*** EXERCISE INPUT ***
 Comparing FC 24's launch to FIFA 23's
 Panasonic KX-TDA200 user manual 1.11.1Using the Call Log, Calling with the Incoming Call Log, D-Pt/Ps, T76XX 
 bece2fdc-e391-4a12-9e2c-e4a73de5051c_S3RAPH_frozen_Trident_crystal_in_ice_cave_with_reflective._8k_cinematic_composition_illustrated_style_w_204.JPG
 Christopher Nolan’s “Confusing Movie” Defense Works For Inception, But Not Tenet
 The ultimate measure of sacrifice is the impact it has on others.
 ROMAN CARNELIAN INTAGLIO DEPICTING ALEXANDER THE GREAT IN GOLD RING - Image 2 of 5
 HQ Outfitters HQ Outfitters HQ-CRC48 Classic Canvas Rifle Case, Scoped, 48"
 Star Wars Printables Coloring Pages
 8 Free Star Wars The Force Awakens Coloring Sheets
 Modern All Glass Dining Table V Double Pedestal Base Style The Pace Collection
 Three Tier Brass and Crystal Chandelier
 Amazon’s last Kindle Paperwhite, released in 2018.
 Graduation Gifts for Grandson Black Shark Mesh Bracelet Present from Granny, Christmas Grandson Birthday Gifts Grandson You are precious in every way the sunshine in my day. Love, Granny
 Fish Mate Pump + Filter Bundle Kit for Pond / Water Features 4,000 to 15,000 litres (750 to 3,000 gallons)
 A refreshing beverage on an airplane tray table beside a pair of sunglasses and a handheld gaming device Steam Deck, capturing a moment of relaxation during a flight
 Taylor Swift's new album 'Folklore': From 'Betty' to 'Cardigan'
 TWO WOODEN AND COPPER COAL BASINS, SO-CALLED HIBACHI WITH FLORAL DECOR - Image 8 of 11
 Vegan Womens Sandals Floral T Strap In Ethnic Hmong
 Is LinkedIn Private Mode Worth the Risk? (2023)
*** End of EXERCISE INPUT ***
DESCRIPTION OF THE TASK:
An exact copy of every record above is needed. Write it out word for word.

SOLUTION TO THIS EXERCISE:
 Comparing FC 24's launch to FIFA 23's
 Panasonic KX-TDA200 user manual 1.11.1Using the Call Log, Calling with the Incoming Call Log, D-Pt/Ps, T76XX 
 bece2fdc-e391-4a12-9e2c-e4a73de5051c_S3RAPH_frozen_Trident_crystal_in_ice_cave_with_reflective._8k_cinematic_composition_illustrated_style_w_204.JPG
 Christopher Nolan’s “Confusing Movie” Defense Works For Inception, But Not Tenet
 The ultimate measure of sacrifice is the impact it has on others.
 ROMAN CARNELIAN INTAGLIO DEPICTING ALEXANDER THE GREAT IN GOLD RING - Image 2 of 5
 HQ Outfitters HQ Outfitters HQ-CRC48 Classic Canvas Rifle Case, Scoped, 48"
 Star Wars Printables Coloring Pages
 8 Free Star Wars The Force Awakens Coloring Sheets
 Modern All Glass Dining Table V Double Pedestal Base Style The Pace Collection
 Three Tier Brass and Crystal Chandelier
 Amazon’s last Kindle Paperwhite, released in 2018.
 Graduation Gifts for Grandson Black Shark Mesh Bracelet Present from Granny, Christmas Grandson Birthday Gifts Grandson You are precious in every way the sunshine in my day. Love, Granny
 Fish Mate Pump + Filter Bundle Kit for Pond / Water Features 4,000 to 15,000 litres (750 to 3,000 gallons)
 A refreshing beverage on an airplane tray table beside a pair of sunglasses and a handheld gaming device Steam Deck, capturing a moment of relaxation during a flight
 Taylor Swift's new album 'Folklore': From 'Betty' to 'Cardigan'
 TWO WOODEN AND COPPER COAL BASINS, SO-CALLED HIBACHI WITH FLORAL DECOR - Image 8 of 11
 Vegan Womens Sandals Floral T Strap In Ethnic Hmong
 Is LinkedIn Private Mode Worth the Risk? (2023)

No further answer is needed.